■ Action item
Output everything in the data exactly, leaving the pictures out.

■ Dataset excerpt
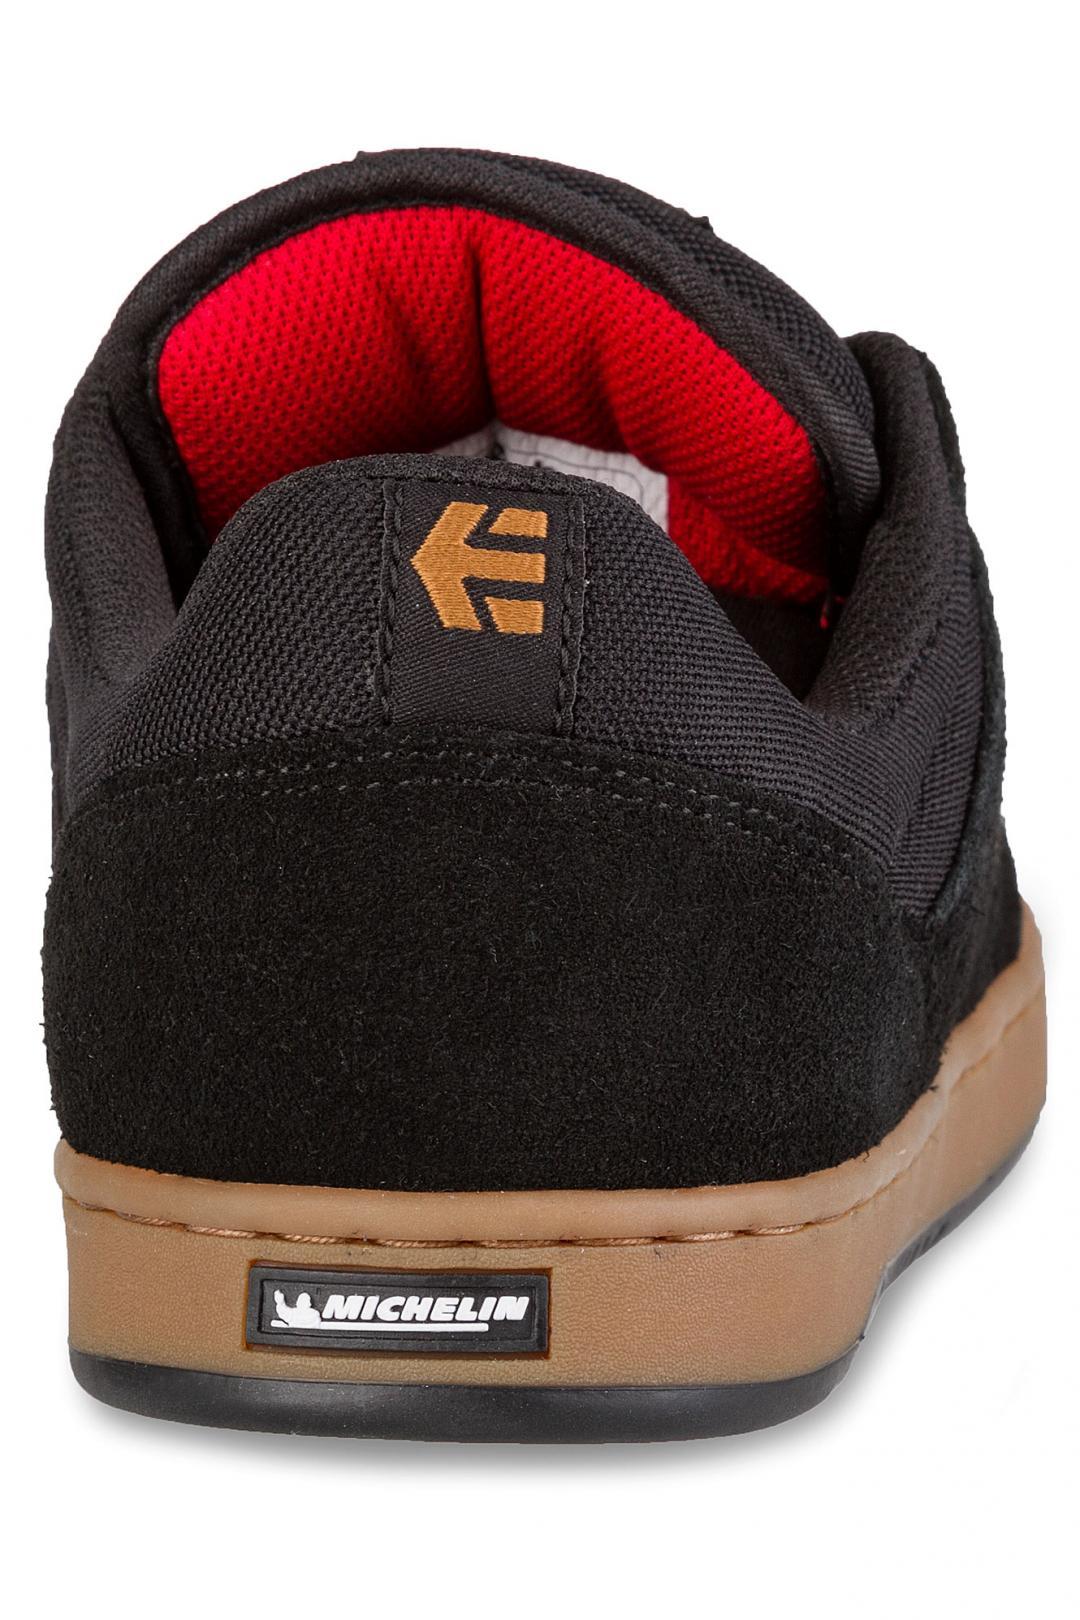 Uomo Etnies Marana x Michelin black red gum | Sneakers low top
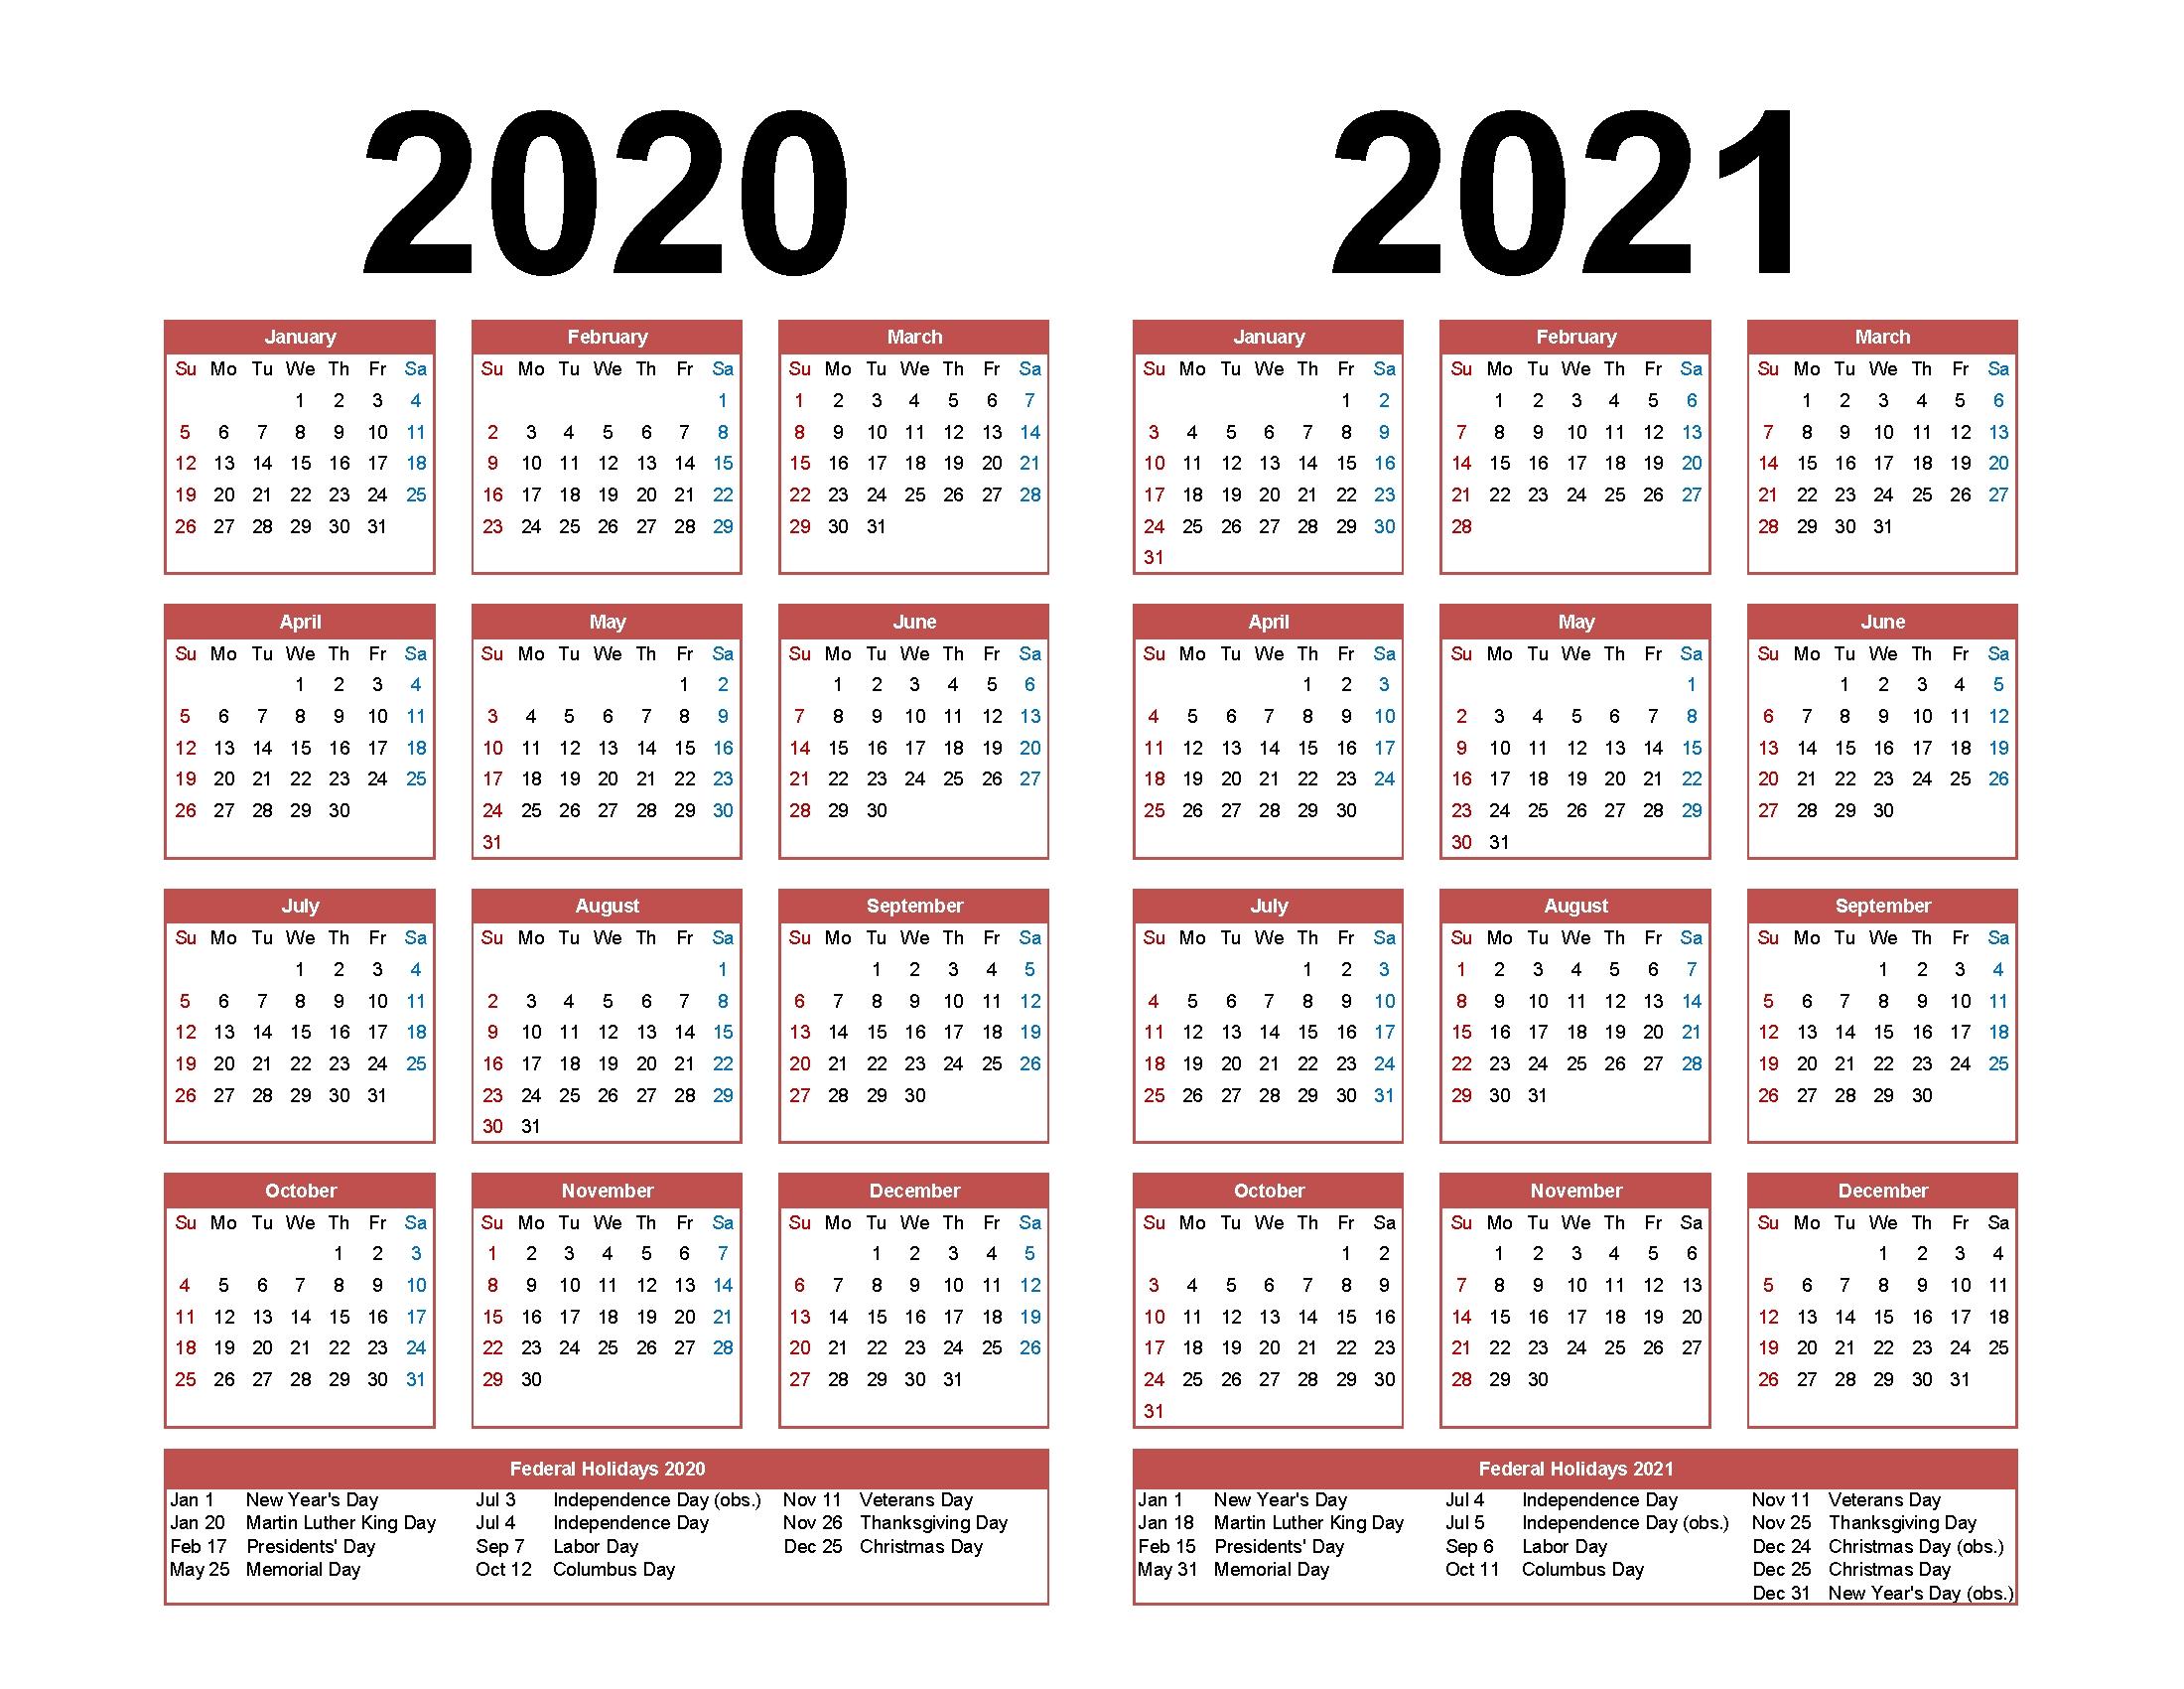 Printable Calendar 2020 2021 Two Year Per Page Free Pdf  Printable 12 Month 2020 2021 Calendar
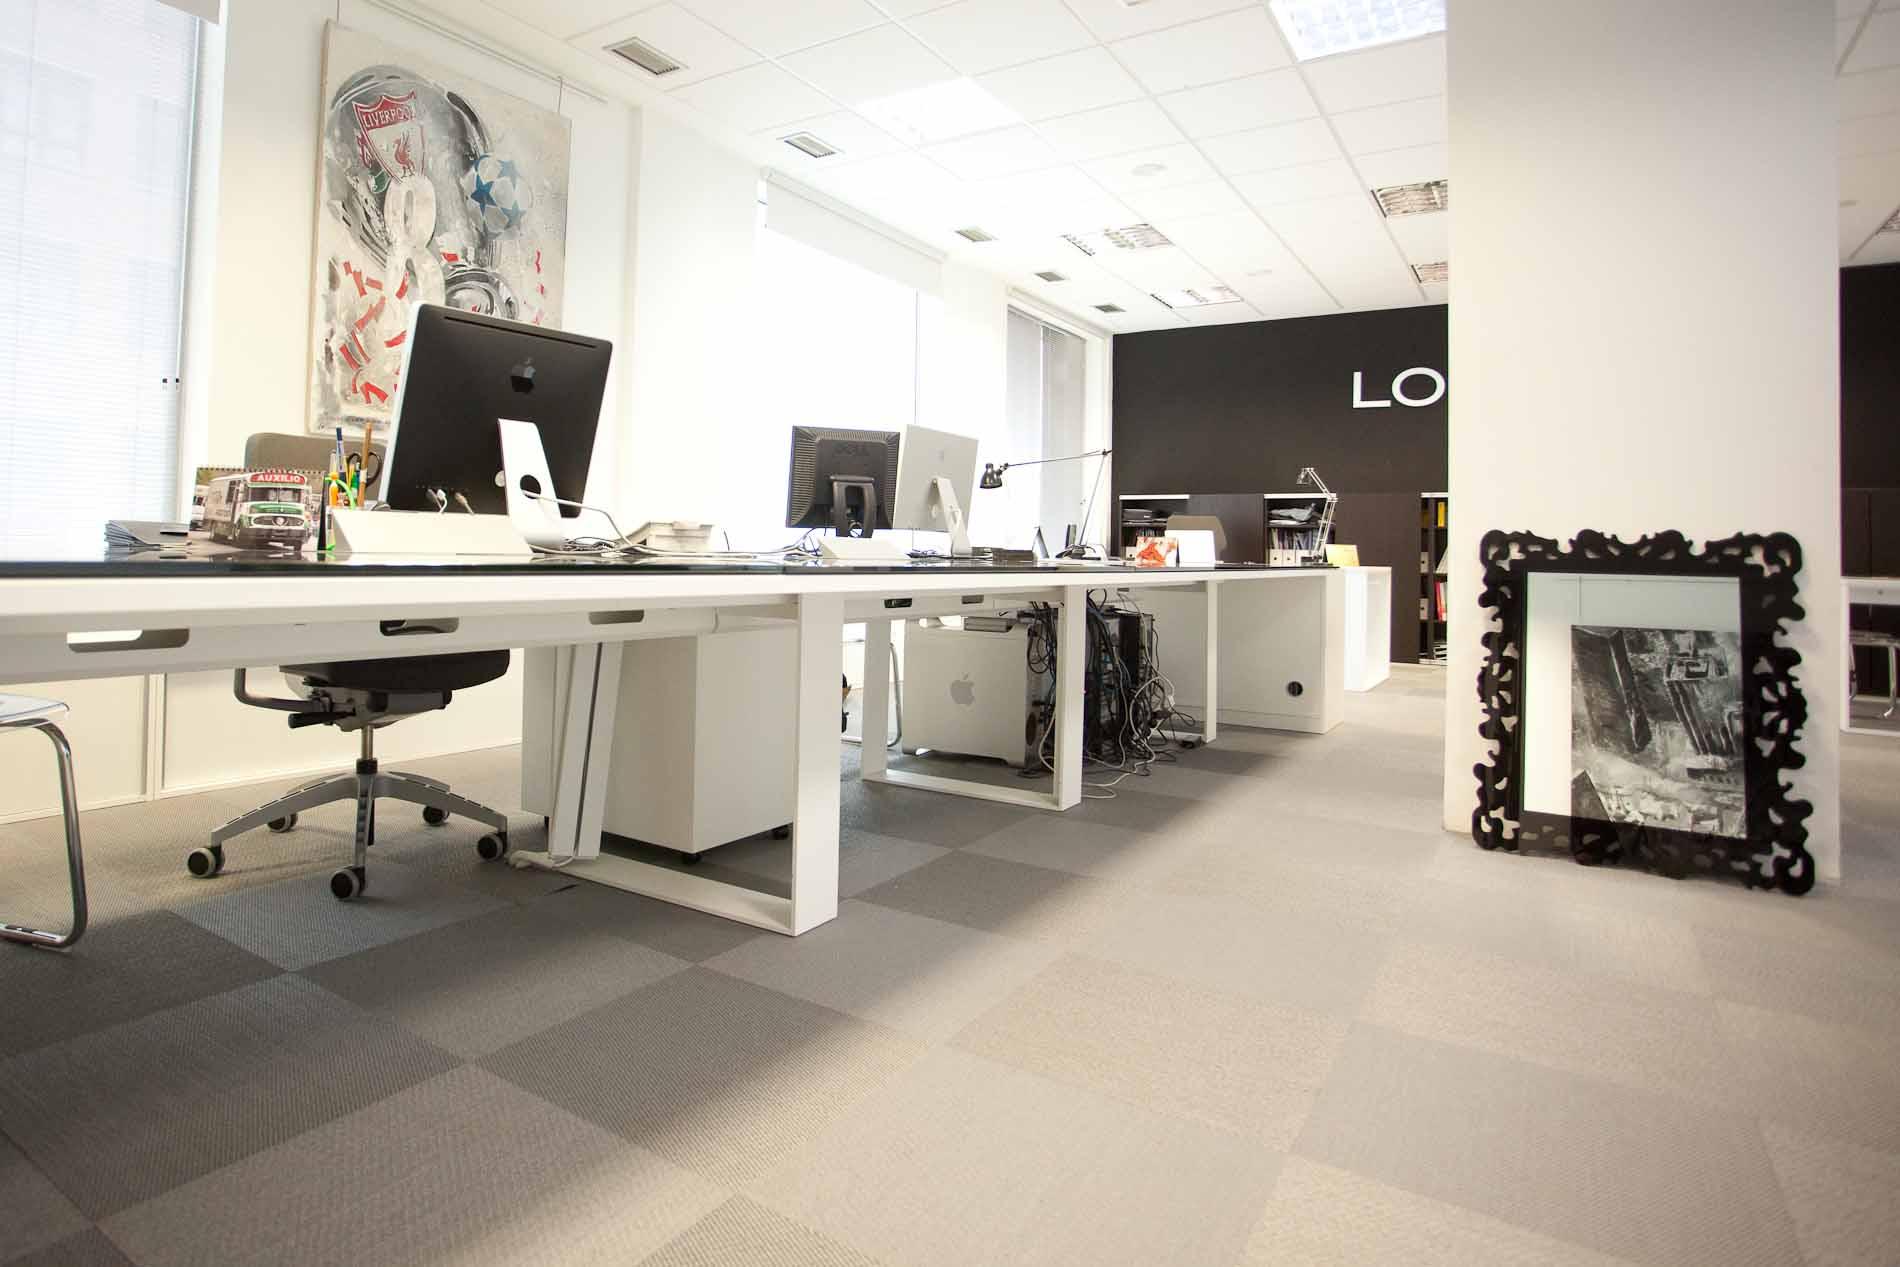 Oficina Lombok Design

■ Response
 Uomo Etnies Marana x Michelin black red gum | Sneakers low top
 Printable Calendar 2020 2021 Two Year Per Page Free Pdf  Printable 12 Month 2020 2021 Calendar
 Oficina Lombok Design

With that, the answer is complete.